カイルから鍵を受け取ると、イロハはさっさとその場を後にした。

シルヴィスがその後を追いかけながら、楽しげに笑う。

「見事な采配だな。だが、本当にあのタペストリーの件、誤魔化せるのか?」

「誤魔化せませんよ」

イロハはあっさりと答えた。

「え?」

「専門家が見れば、すぐにバレます。ですが、国王陛下やカイル殿下が『これは新作だ』と言い張れば、周囲はそれに合わせざるを得ない。それが政治というものです」

「くくっ……お前、本当に性格が悪いな」

「褒め言葉として受け取っておきます。それより閣下、地下倉庫が楽しみです」

イロハは目を輝かせた。

「王家の倉庫には、過去数百年分の『使途不明品』が眠っています。中には、今の技術では再現不可能な古代魔道具(アーティファクト)のジャンク品もあるはず。

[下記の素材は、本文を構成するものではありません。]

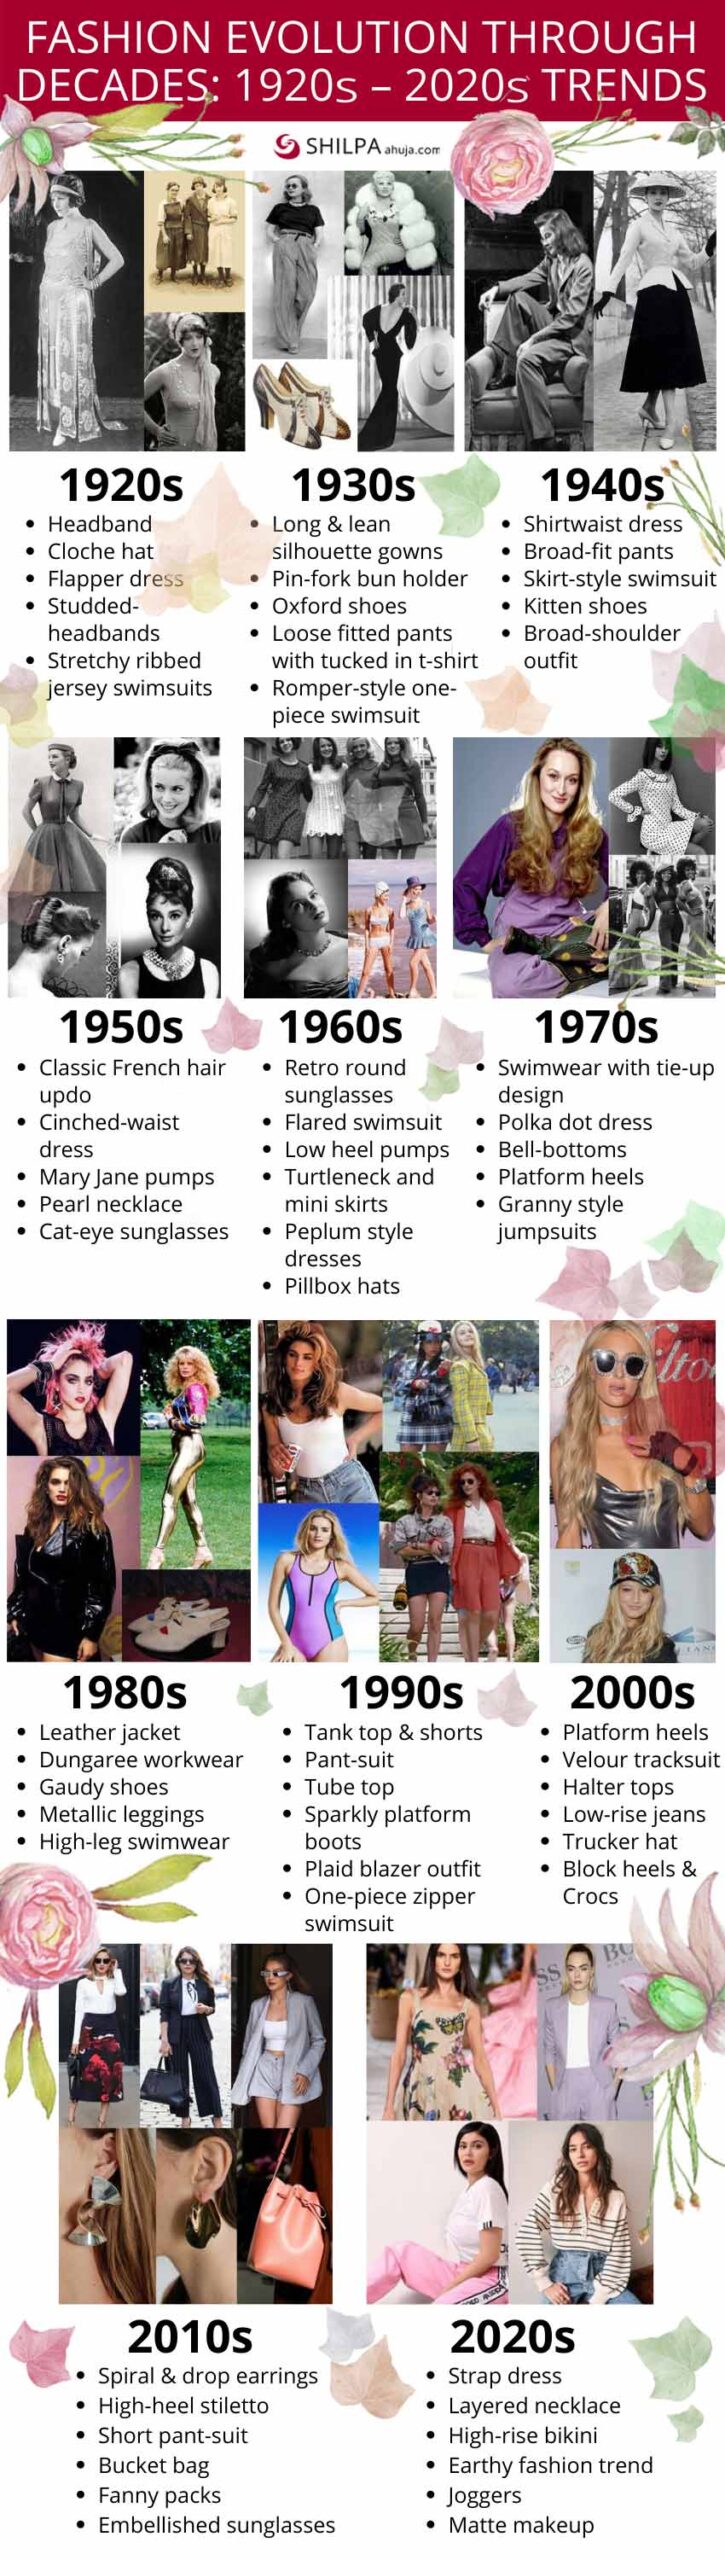 Fashion-Evolution-Decades-Trends-styles history

あれを修理して転売すれば、五十億どころか百億の利益が出ますよ」

「……お前、最初からそれが狙いだったのか」

「当然です。タペストリー一枚の損害など、私の利益の前では誤差の範囲です」

イロハはカチャカチャと電卓を叩く。

「さあ、稼ぎますよ! 公爵家の赤字補填と、私のボーナスのために!」

その背中を見ながら、シルヴィスは確信した。

この国で一番の『災害』は、マリアでもカイルでもなく、この欲深き管理官(フィアンセ)かもしれない、と。